LiveTradeBench: Seeking Real-World Alpha with Large Language Models
Haofei Yu, Fenghai Li, Jiaxuan You
2025-11-06
Summary
This paper introduces a new way to test how well large language models (LLMs) can make decisions in real-world, constantly changing situations, specifically in financial markets.
What's the problem?
Current tests for LLMs, like quizzes or math problems, are static and don't reflect the uncertainty and dynamic nature of real-life decision-making. They check if an LLM *knows* something or can solve a problem, but not if it can consistently make good choices when things are unpredictable and changing over time, like when trading stocks.
What's the solution?
The researchers created 'LiveTradeBench,' a simulated trading environment that uses real-time market data and news.
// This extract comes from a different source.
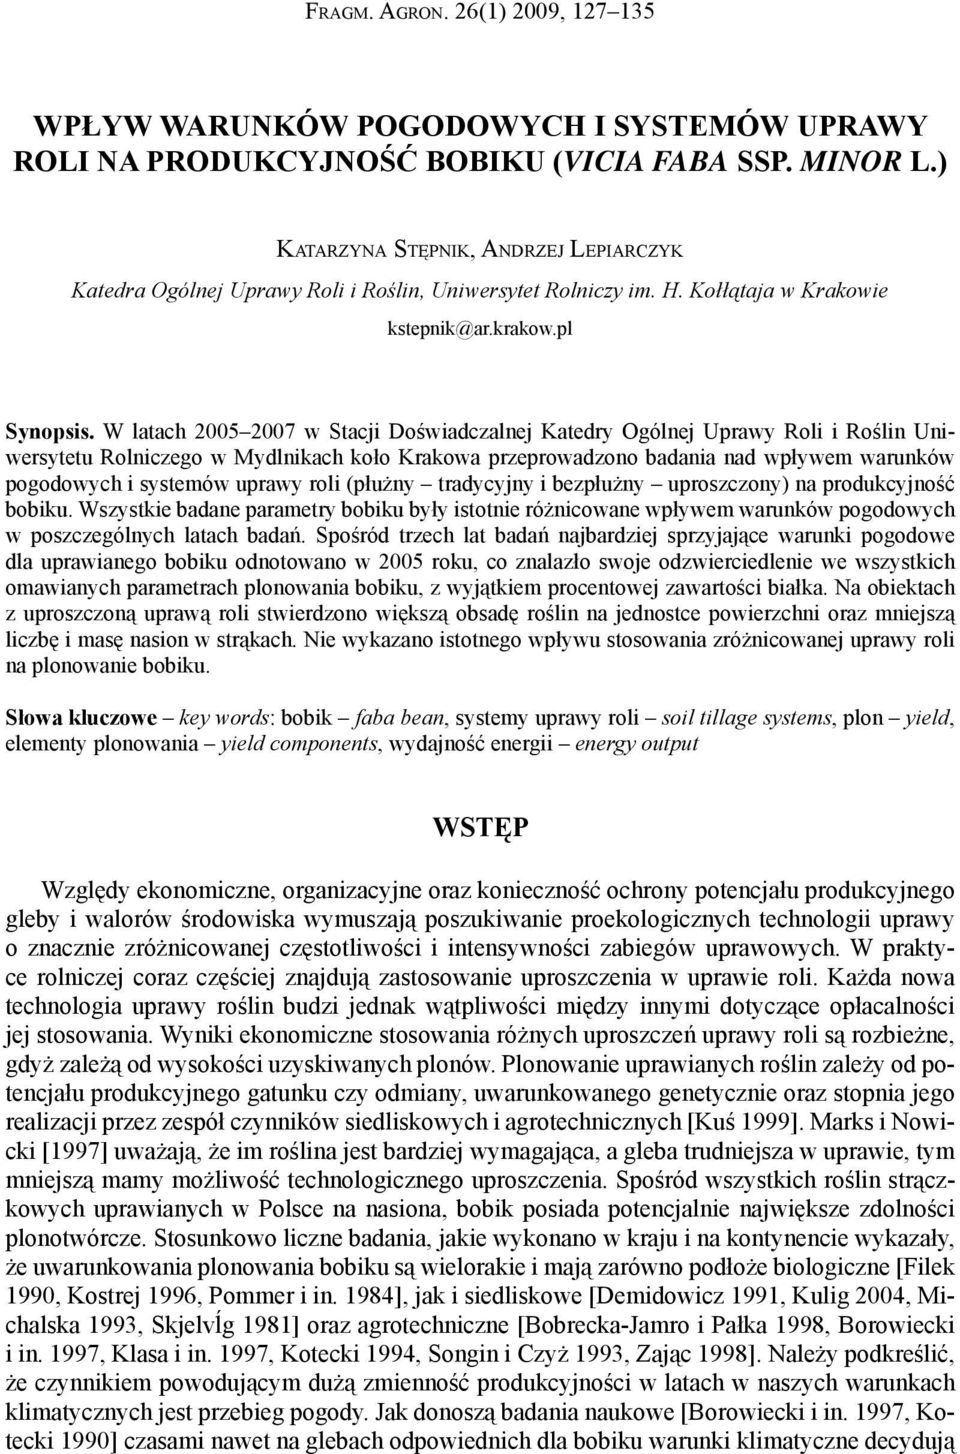 W latach 2005 2007 w Stacji Doświadczalnej Katedry Ogólnej Uprawy Roli i Roślin Uniwersytetu Rolniczego w Mydlnikach koło Krakowa przeprowadzono badania nad wpływem warunków pogodowych i systemów
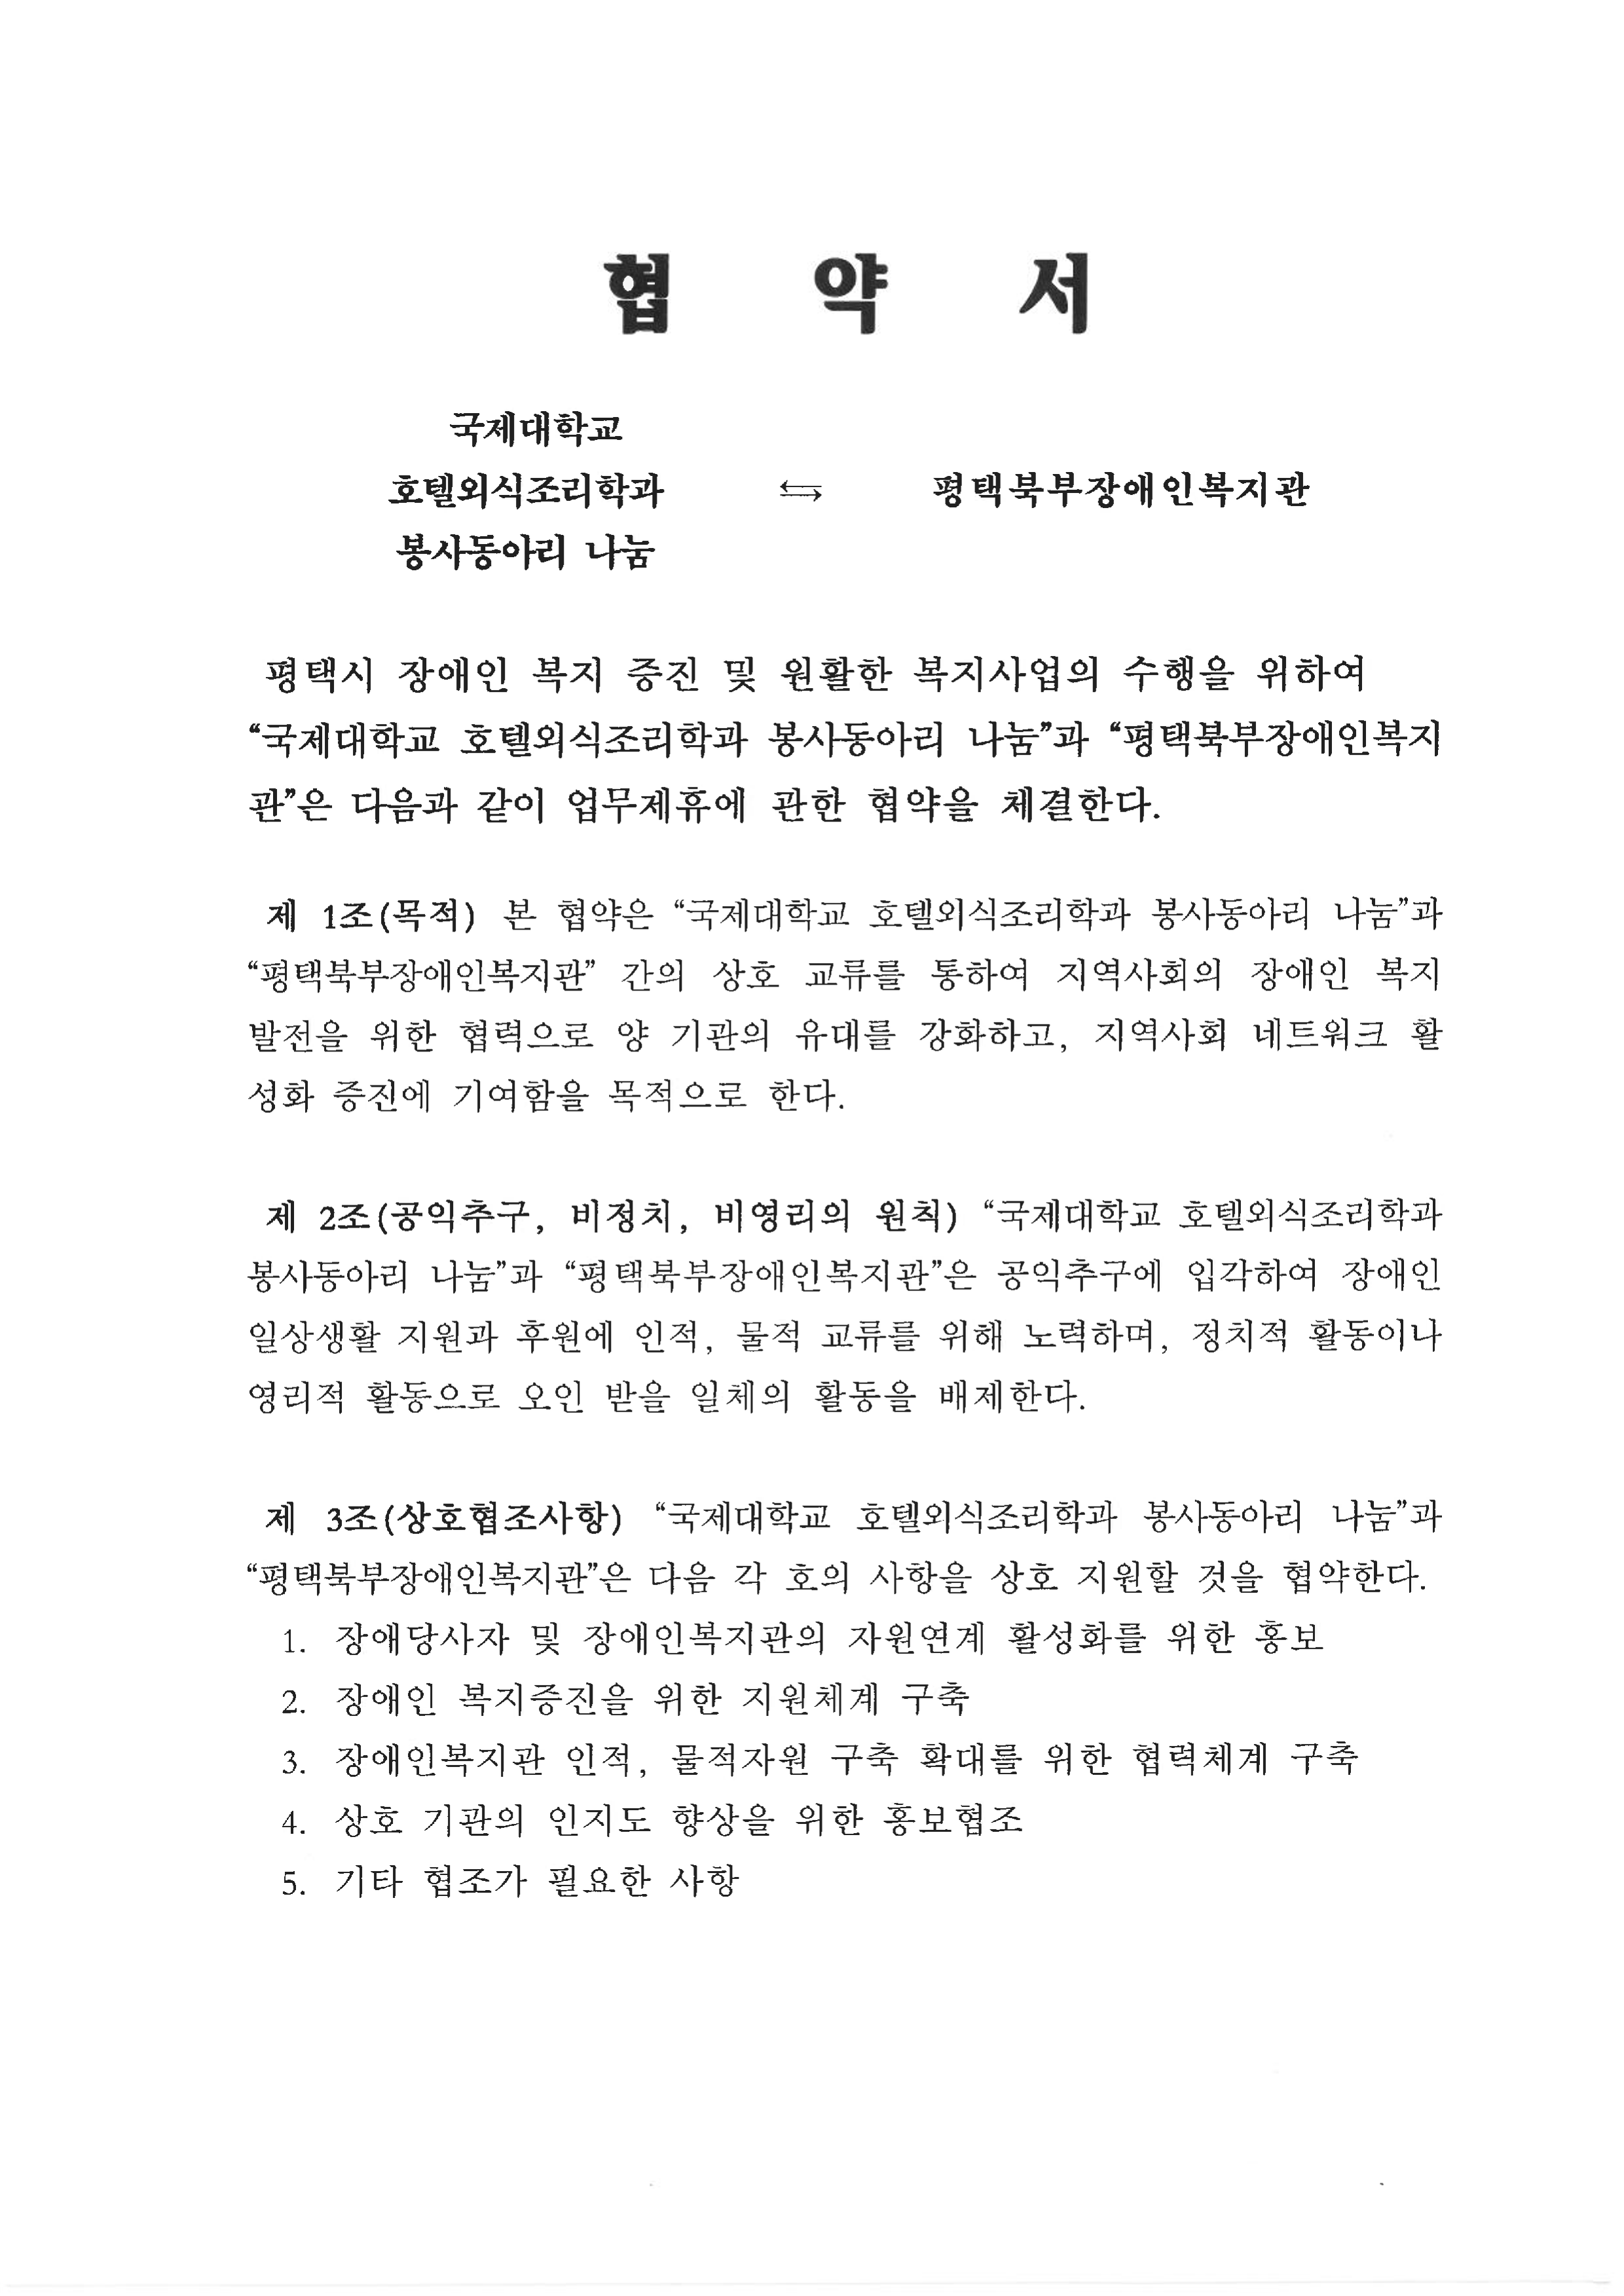 평택북부장애인복지관 협약식(봉사동아리"나눔")

LLMs act as agents, observing market conditions and deciding how to allocate money across different investments. This setup tests their ability to manage risk, react to new information, and make consistent decisions in a live, evolving market, using both U.S. stock data and prediction markets.
Why it matters?
The results showed that LLMs that perform well on standard tests don't necessarily make good trading decisions. This highlights a significant gap between how we currently evaluate these models and how they perform in complex, real-world scenarios, emphasizing the need for better benchmarks that focus on sequential decision-making and adapting to live uncertainty.
Abstract
Large language models (LLMs) achieve strong performance across benchmarks--from knowledge quizzes and math reasoning to web-agent tasks--but these tests occur in static settings, lacking real dynamics and uncertainty. Consequently, they evaluate isolated reasoning or problem-solving rather than decision-making under uncertainty. To address this, we introduce LiveTradeBench, a live trading environment for evaluating LLM agents in realistic and evolving markets. LiveTradeBench follows three design principles: (i) Live data streaming of market prices and news, eliminating dependence on offline backtesting and preventing information leakage while capturing real-time uncertainty; (ii) a portfolio-management abstraction that extends control from single-asset actions to multi-asset allocation, integrating risk management and cross-asset reasoning; and (iii) multi-market evaluation across structurally distinct environments--U.S. stocks and Polymarket prediction markets--differing in volatility, liquidity, and information flow. At each step, an agent observes prices, news, and its portfolio, then outputs percentage allocations that balance risk and return. Using LiveTradeBench, we run 50-day live evaluations of 21 LLMs across families. Results show that (1) high LMArena scores do not imply superior trading outcomes; (2) models display distinct portfolio styles reflecting risk appetite and reasoning dynamics; and (3) some LLMs effectively leverage live signals to adapt decisions. These findings expose a gap between static evaluation and real-world competence, motivating benchmarks that test sequential decision making and consistency under live uncertainty.